A novel homozygous splicing variant in FREM1 expands the phenotypic spectrum of BNAR syndrome: functional validation and successful PGT-M

Bifid nose with or without anorectal and renal anomalies (BNAR) is a rare autosomal recessive genetic congenital disorder characterized by bifid nose and renal agenesis, with or without anorectal malformations. Our research identified the genetic factors associated with BNAR in a Chinese pedigree. Muscle tissue specimens from the fetus and peripheral blood specimens from the parents were collected, and genomic DNA was extracted for whole-exome sequencing. Sanger sequencing was used to verify the emergence of variants in the pedigree.
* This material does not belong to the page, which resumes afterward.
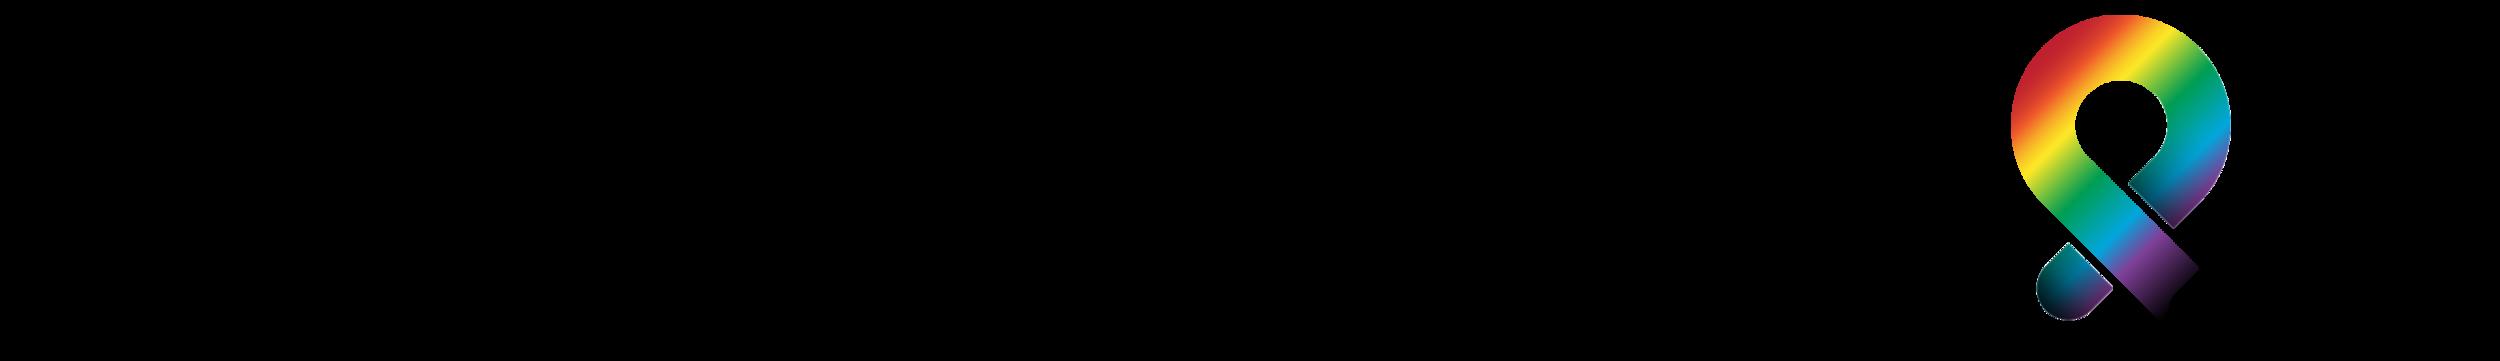 priderunto_PRA_logo_RGB_01-clear.png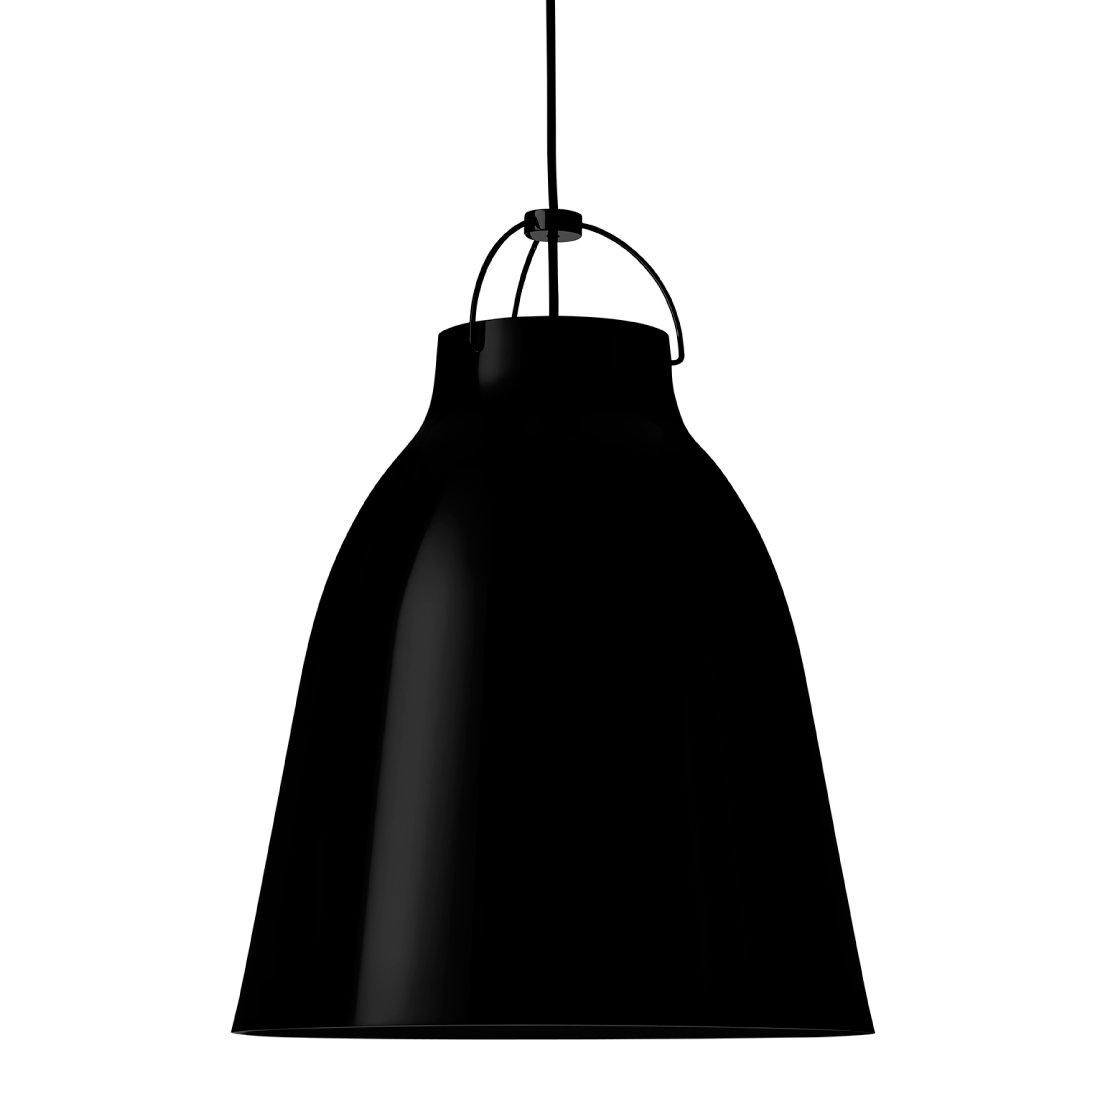 Lightyears Caravaggio P3 Hoogglans Zwart - Zwart - Snoer 600 cm

Minigene assays and structural modeling were performed to confirm the influence of intronic variants on mRNA splicing. We identified a homozygous splicing variant, c.3274 + 4 A > G, in the FREM1 gene in the fetus. Sanger sequencing revealed that the parents were heterozygous. In vitro and in intro minigene assays revealed exon 18 skipping, causing a nonframeshift, 62 amino acid deletion in FREM1. Structural predictions indicate the deletion severely disrupts the FREM1 CSPG6 domain, replacing its stable interwoven β-sheet architecture with a single β-sheet and an aberrant α-helix. This profound conformational shift likely abolishes the interaction interfaces required for FRAS1/FREM multiprotein complex assembly, impairing its overall function. Based on these findings, the variant was categorized as likely pathogenic according to the American College of Medical Genetics and Genomics guidelines. Accordingly, after being informed about the hazards of the pathogenic variant, the couple selected preimplantation genetic tests for monogenic disorders (PGT-M) and had a healthy baby. This study presents a Chinese fetus with FREM1-related pathology. Moreover, this study extends the phenotypic spectrum of BNAR, while laying a foundation for PGT-M.